Chromatin immunoprecipitation (ChIP)

The cells were detected using the ChIP Assay Kit (P2078, Beyotime). Briefly, the cells were fixed with formaldehyde, counted, dispersed into 1 × 106 cells/tube, washed with PBS containing PMSF, and lysed in SDS lysis buffer on ice for 10 min. Then, the lysate was sonicated for 10 cycles of 1 s power-on and 10 s intervals with the intensity of 30 W. After dilution buffer, Protein A + G was added to the solution. Rabbit IgG and DNMT1 antibody (2 µg) were added sequentially to the mixture and incubated at 4 ℃ overnight. On the second day, the elution buffer was incubated at 65 ℃ for 4 h. After DNA purification, the samples were amplified by PCR, and the amplicons were detected by agarose gel electrophoresis. The reaction system and primer design are shown in Tables S5 and S6. The antibodies were as follows: DNMT1 antibody (1:100, 5032 S, Cell Signaling Technology) and SOCS1 antibody (1:100, ABP52477, Abbkine).

Lentivirus infection

The interference sequence was designed according to the SOCS1 gene nucleotide sequence provided by the GenBank database (NM_003745.2). The SOCS1-siRNA was designed and synthesized from Tsingke Biotechnology Co., Ltd (Table S7), and the recombinant lentivirus packaged with SOCS1 overexpression vector was provided by GenePharma. An equivalent of 5 × 104 HCC cells/well were inoculated into 6-well plates and transfected using Lipofectamine 2000, according to the manufacturer’s instructions, when the cell confluency was 70–80%, and the medium was changed 4–6 h post-transfection.

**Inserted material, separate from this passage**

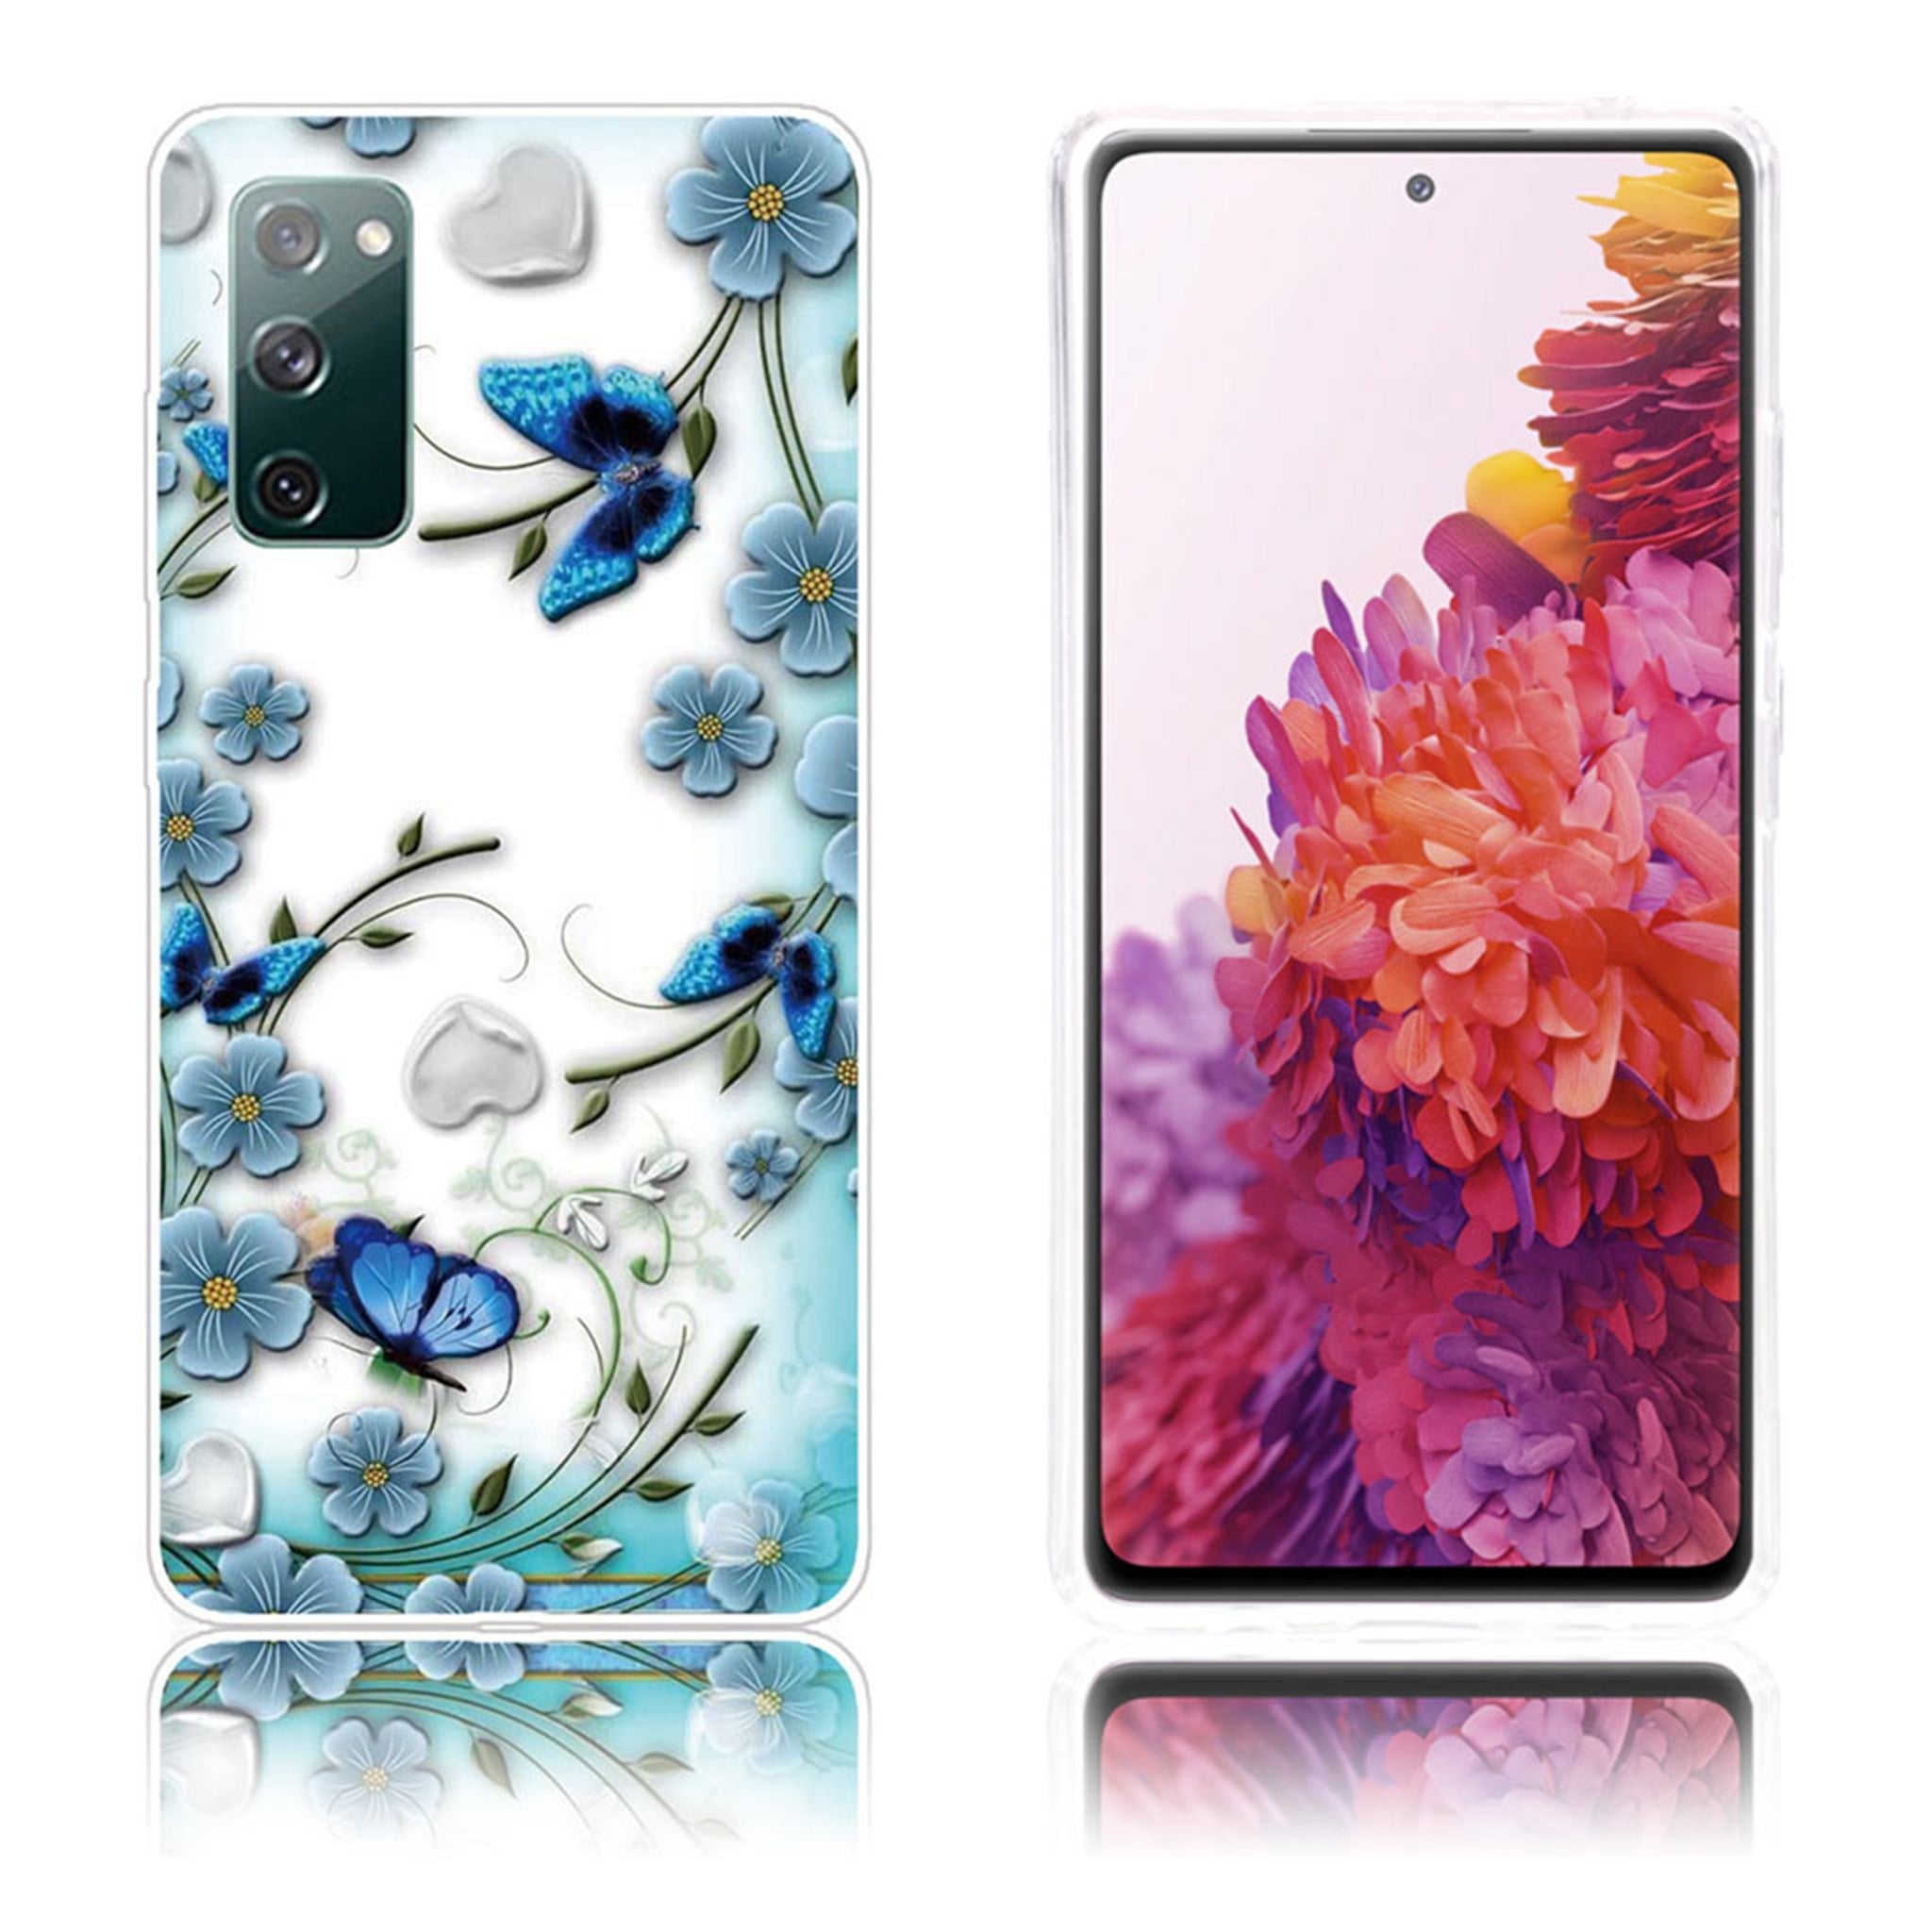 Deco Samsung Galaxy S20 FE 5G / S20 FE case - Blue Flower and Butterfly
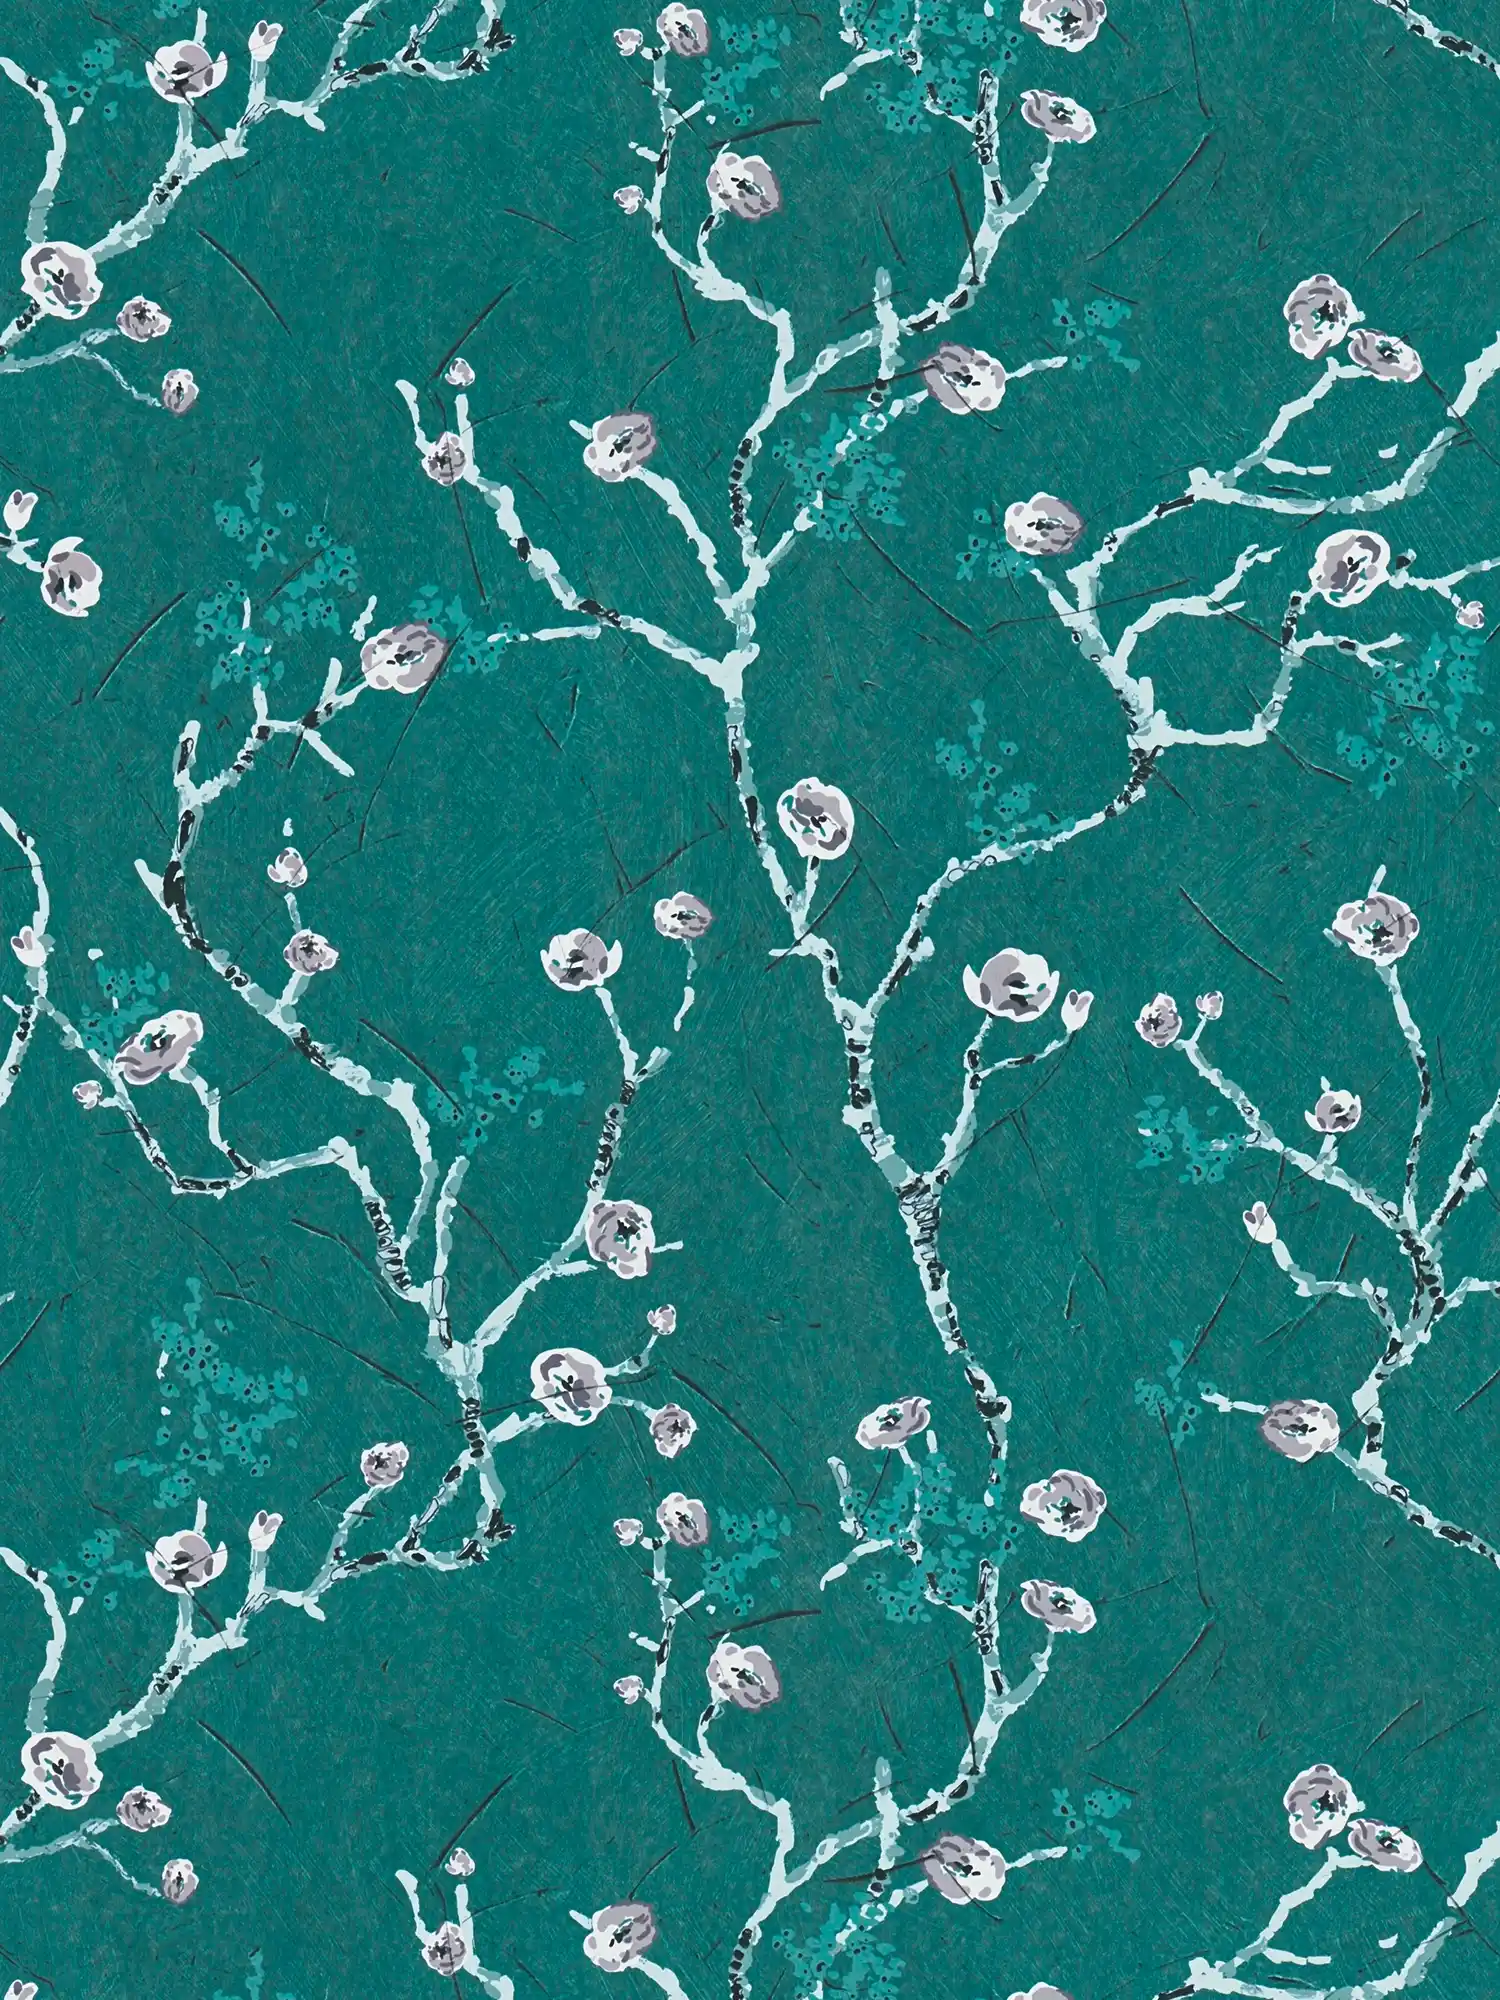 Dark green wallpaper with flowers motif in Asia style

The resistant cells are obtained after puromycin (4 µg/mL) screening, and these cells are collected as established new cell lines.

Spheroid formation assay

An equivalent of 5000 HCC cells/well was inoculated into the Ultra-Low attachment 6-well plates and cultured in stem cell medium at 37 °C under 5% CO2. The media were refreshed every 2–3 days, and the tumor lesions were counted and images captured after 2 weeks.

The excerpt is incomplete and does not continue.